* What you need to do
Please repeat, exactly as they stand, the line containing "Turquoise Smoky Quartz Earrings by BOUNKIT" and the lines after it through the final line of the listing below, minus pictures.

* Information supplied

***

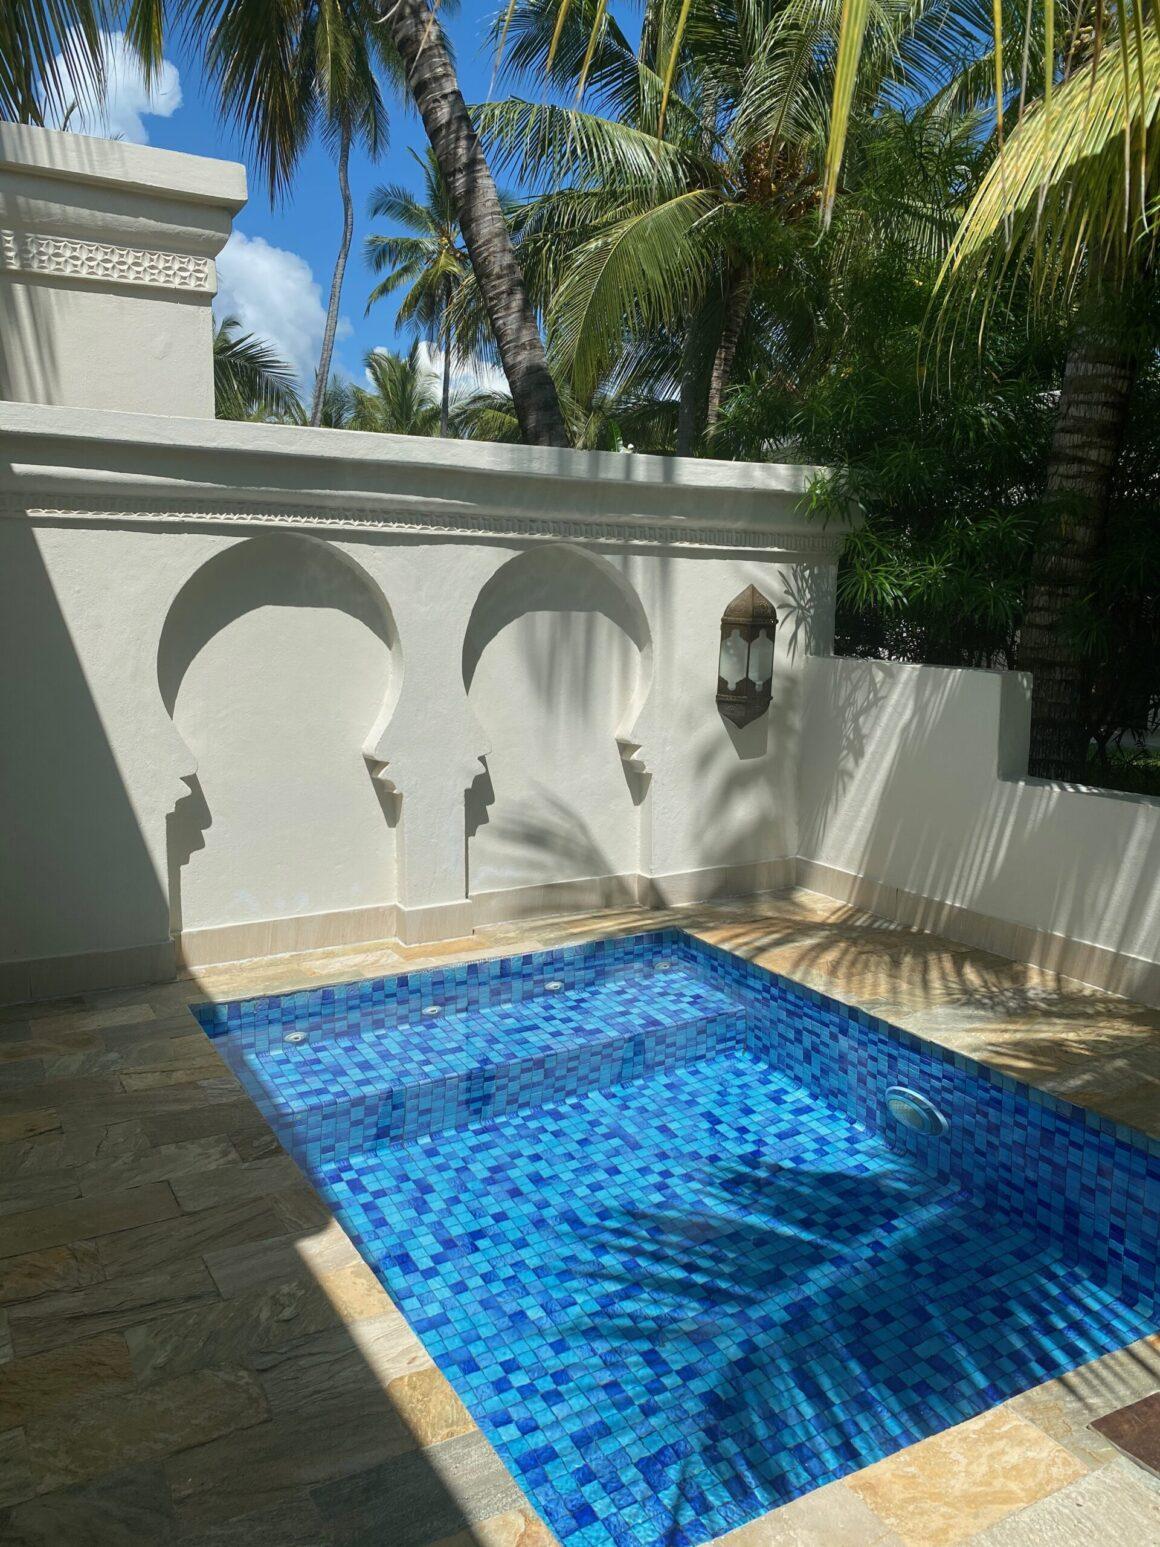 Baraza Resort plunge pool at room
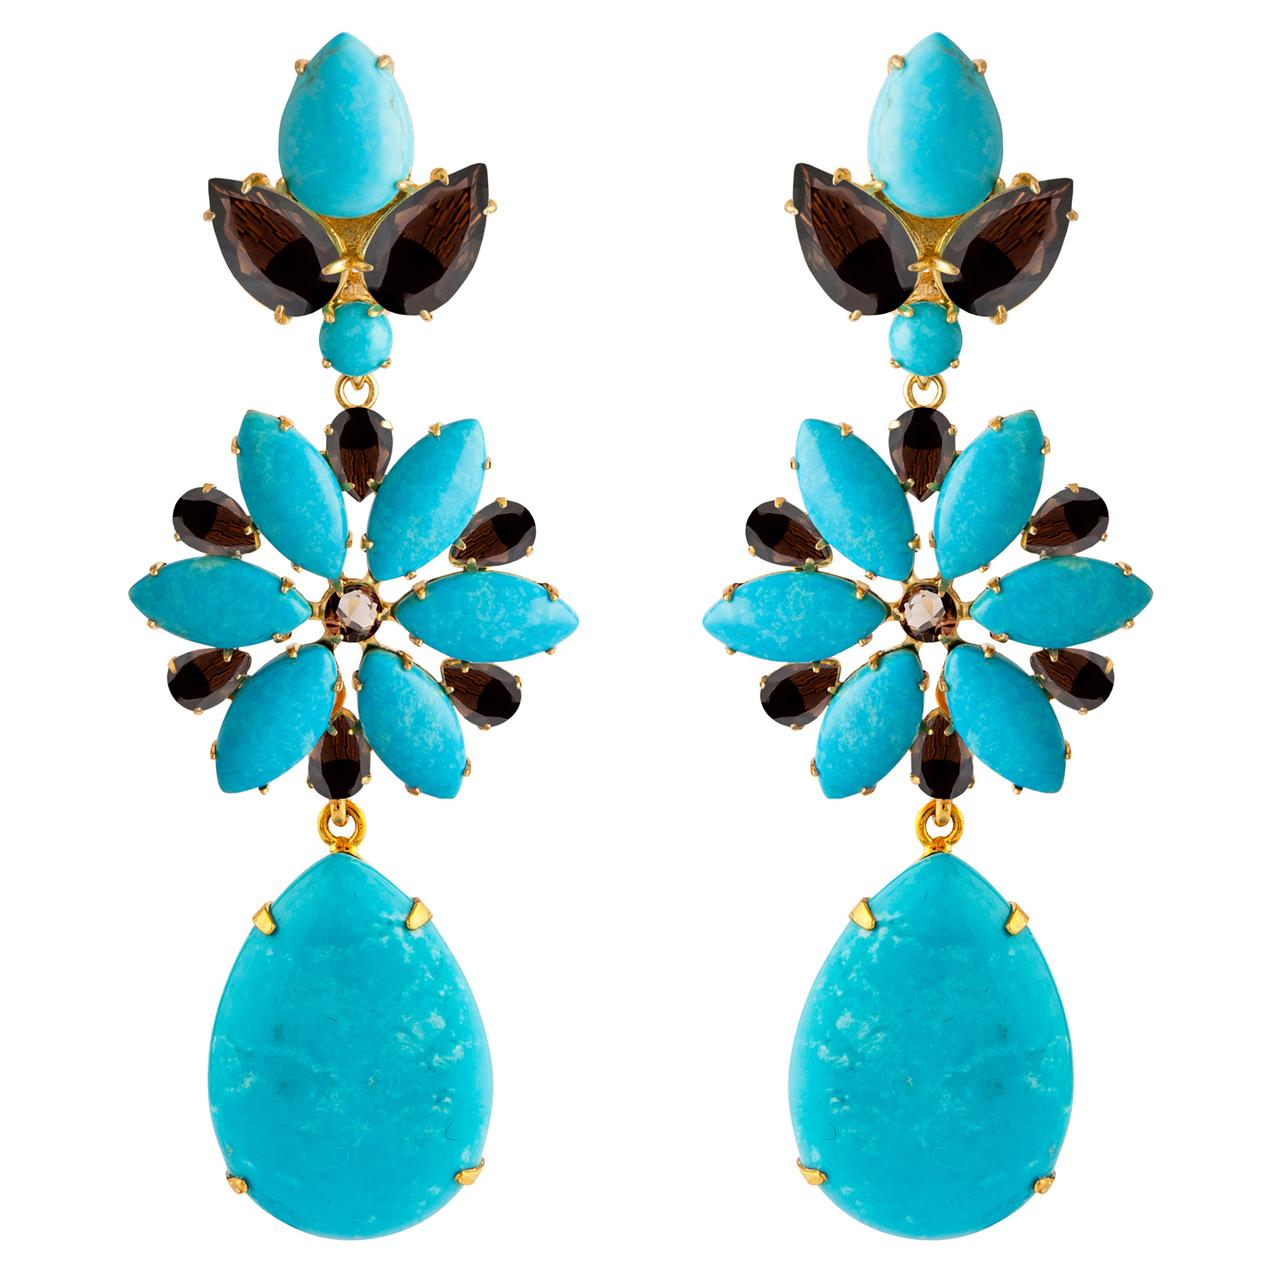 Turquoise Smoky Quartz Earrings by BOUNKIT
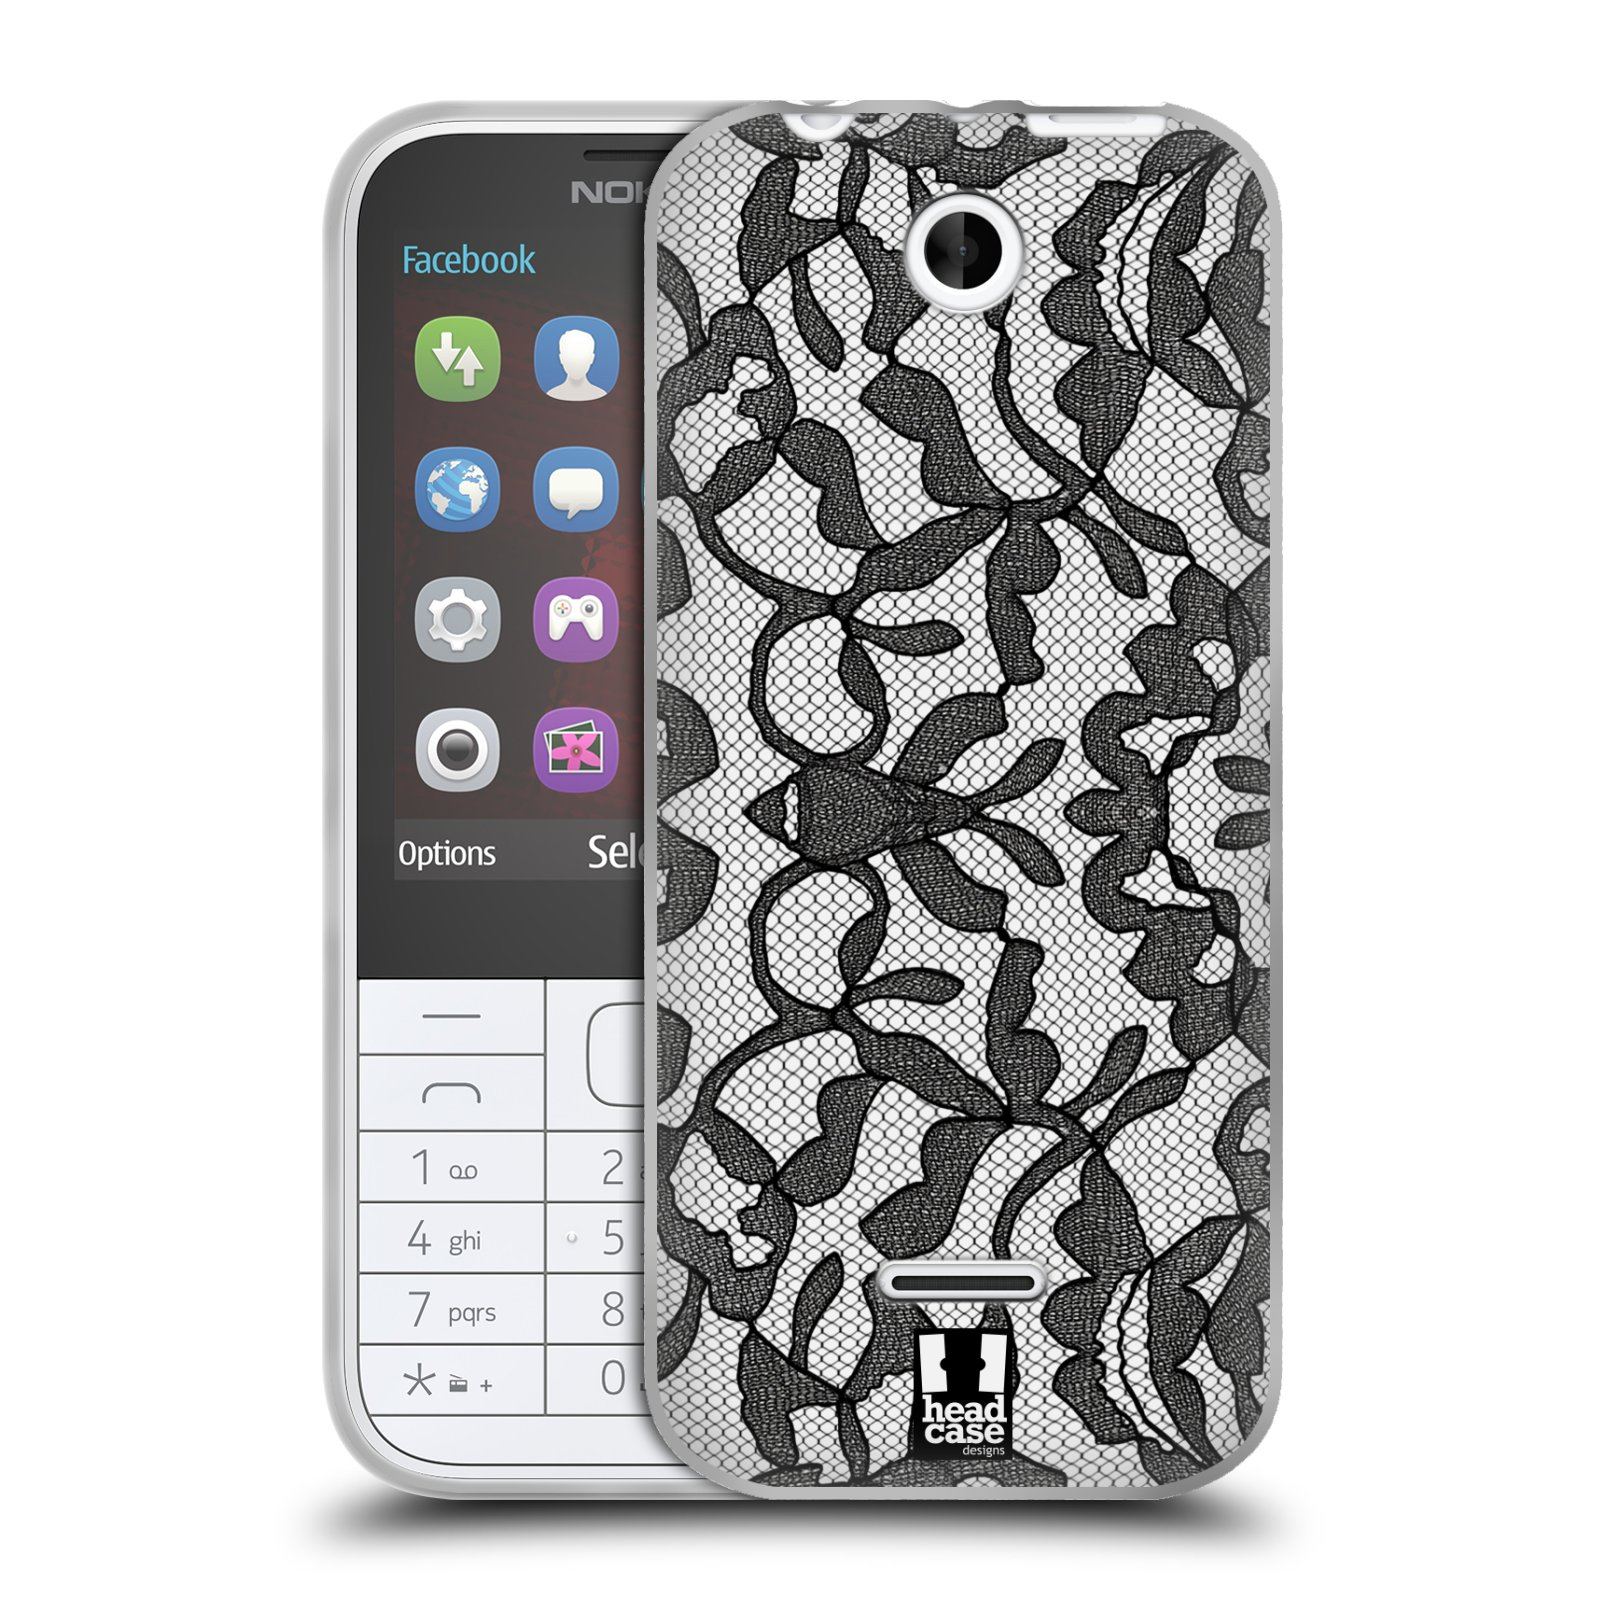 Silikonové pouzdro na mobil Nokia 225 HEAD CASE LEAFY KRAJKA (Silikonový kryt či obal na mobilní telefon Nokia 225)

***

* Response area
 Turquoise Smoky Quartz Earrings by BOUNKIT
 Silikonové pouzdro na mobil Nokia 225 HEAD CASE LEAFY KRAJKA (Silikonový kryt či obal na mobilní telefon Nokia 225)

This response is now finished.